I stumbled across this at 5 pm Wednesday , on my once yearly visit to nottingham .Having previously lived in the city for 10 years I had constantly bemoaned that there wasn't anywhere to get a really great cup of coffee in the city . Until now.

It had opened that day I think went I found this gem . Drawn in by the white la marzocco machine and airy bright decor , I saw a menu with great range of drinks, and some delicious cakes on the counter.

Talking to the owners , it is clear they are on a mission to deliver great coffee to Nottingham. They had researched a lot of roasters and settled on a London based roaster ( ex Australian outfit ) - Allpress espresso . Talking to the owners they visited a few roasters before settling on this one and the taste they were after.

First drink flat white , nice art , rich and smooth , sweet milk. ( see photo )

Ristretto , sweet and full bodied not a hint of acidity , spot on.

Cappucino - one of the best I've had this year . I stumbled off to meet my friend high on caffeine with a smile on my face.

I went back the next day for a machiatto and more cakes, before my train home , and it hit the spot . Expertly prepared.

This place really deserves to thrive and prosper, the people running it are enthusiastic coffee people, trying to build a family business , striving to bring something excellent to Nottingham.

If your in the area please go try it , you won't be disappointed .


----------



## Mrboots2u

Also will be ordering some Allpress in the near future to see what it's like on the lever ......


----------



## adz

Visited today after your suggestion and was really impressed. Best flat white I've had in a long long time


----------



## Mrboots2u

adz said:


> Visited today after your suggestion and was really impressed. Best flat white I've had in a long long time


Glad you enjoyed it ,there a young new family business so need the support and custom, plus they deserve to succeed .


----------



## Mrboots2u

Returned here again today for a bit of a session . Place is full of punters , cakes are to die for ( the freshly made Bakewell tart was amazing ) Sandwiches fleshly made were delicious and great value for money. Ordered over an hour or so , flat white, machiatto and piccolo . All really great , the redchurch blend is medium roast , sweet , and the ladies on the la marzocco had the skillz to make the drinks . Expertly presented , nice to see that. This place looks like it is going form strength to strength.
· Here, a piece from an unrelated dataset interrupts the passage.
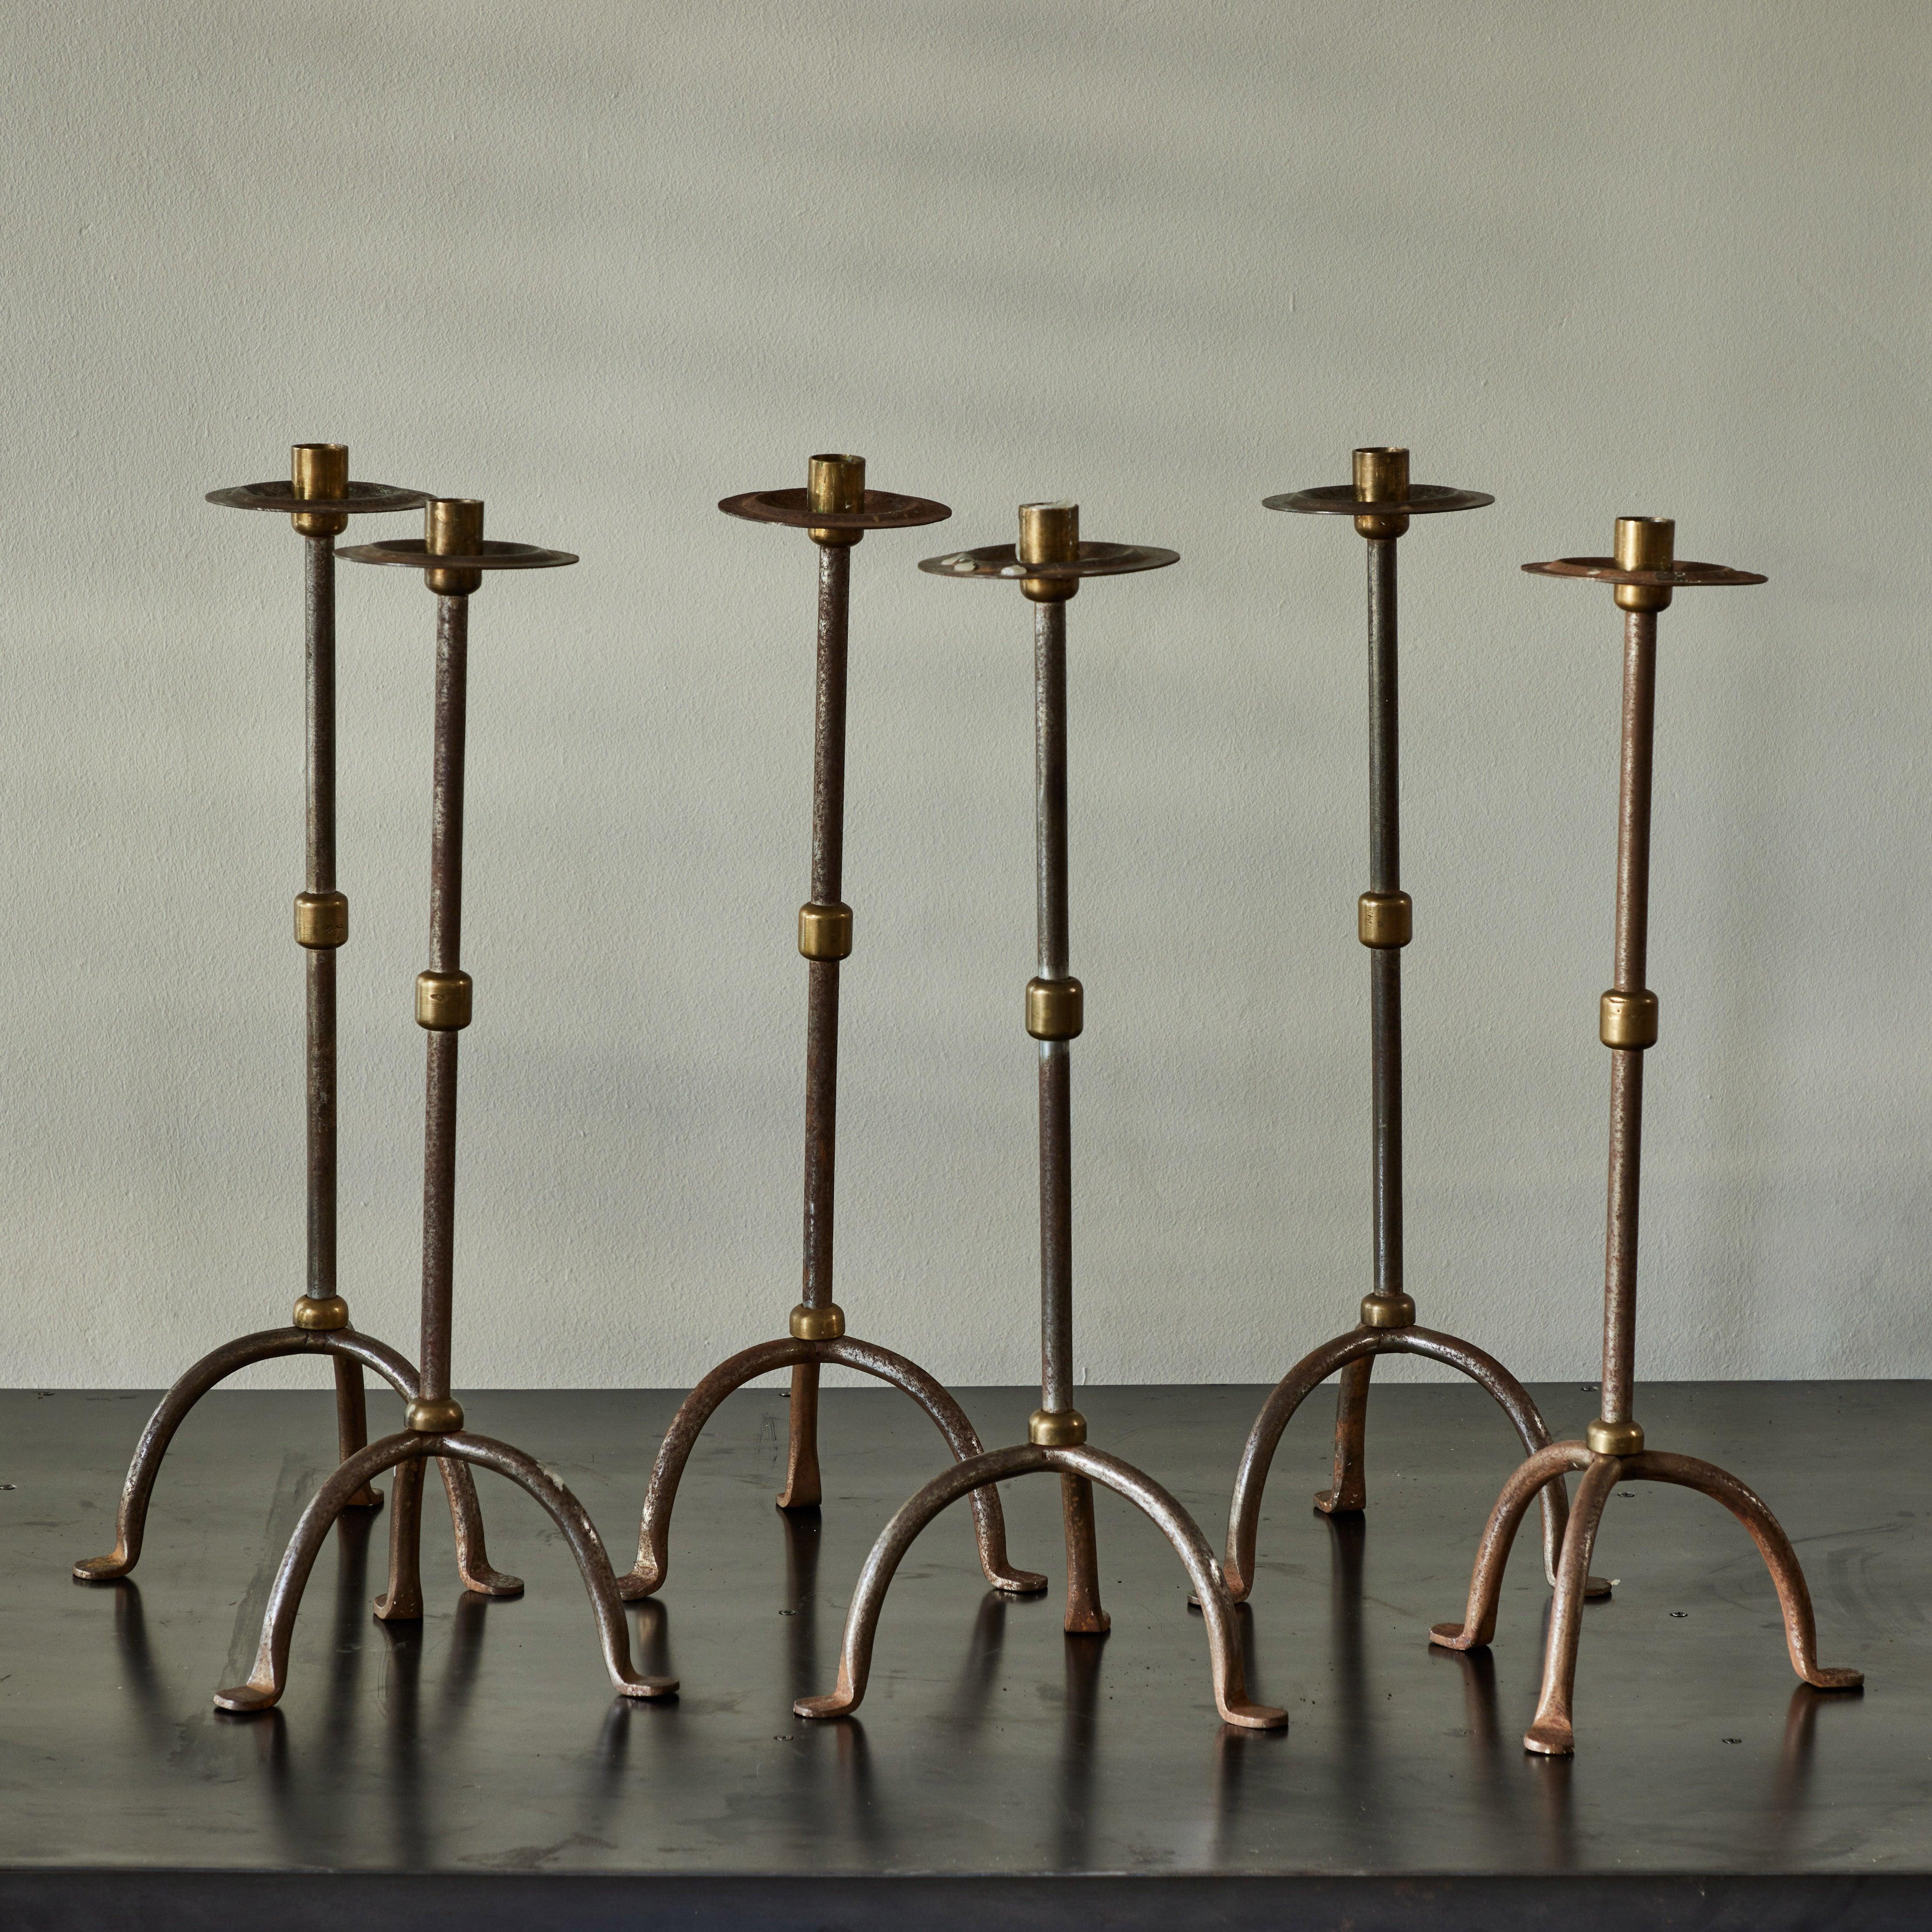 Late 19th-century English steel and brass candlesticks in the Arts & Crafts style. Delicate yet dramatic, these candlesticks add height and a pleasing linearity to any space. Priced in pairs. (Three pairs available).

England, circa

I'll say it again , this is the place Nottingham coffee lovers deserve , pay it a visit .


----------



## Iwwstriker

I would like to add on my opinions on this cafe since I have just paid the place a visit, a lovely exposed nude wall design for the whole shop, I like the way they utilise a wide wooden bench as a table. It is as if you're visiting the countryside and sipping on a cup of well-made coffee. And I would like to say, it is absolutely amazing. I had a cup of single shot espresso just to try what's really at the base of every coffee drink that they are making and I can say they are doing it passionately and professionally. No bitterness and no sourness in the espresso and I also have one piece of scone with jam and cream, as the owner who served me today baked it and it is a delight to my tummy. I can eat that all day long with just strawberry jam and clotted cream. Such a special cream. If I am not mistaken, it is famous somewhere in the UK. I will definitely be going to go back every weekend if I could. And I did have a chat with the owners as well and I did mention that it was @Mrboots2u who introduced that cafe to me in the first place. The facial expressions on their face, smiling from ear to ear. They were absolutely delighted. I was enjoying the cup of espresso so I didn't bother to take a picture of what I had in the morning. But here's to everyone who wish to find the small cafe. Every single time, I walked pass Pelham Street without realising this little delighted cafe all the time. So here it is.


----------



## adz

Have been visiting this place since the original post back in October and have to say that these guys really know what they're doing with coffee. Consistently the best quality and taste. The sandwiches are fantastic with large bloomer bread and fresh ingredients in them. The cakes are great as well.


----------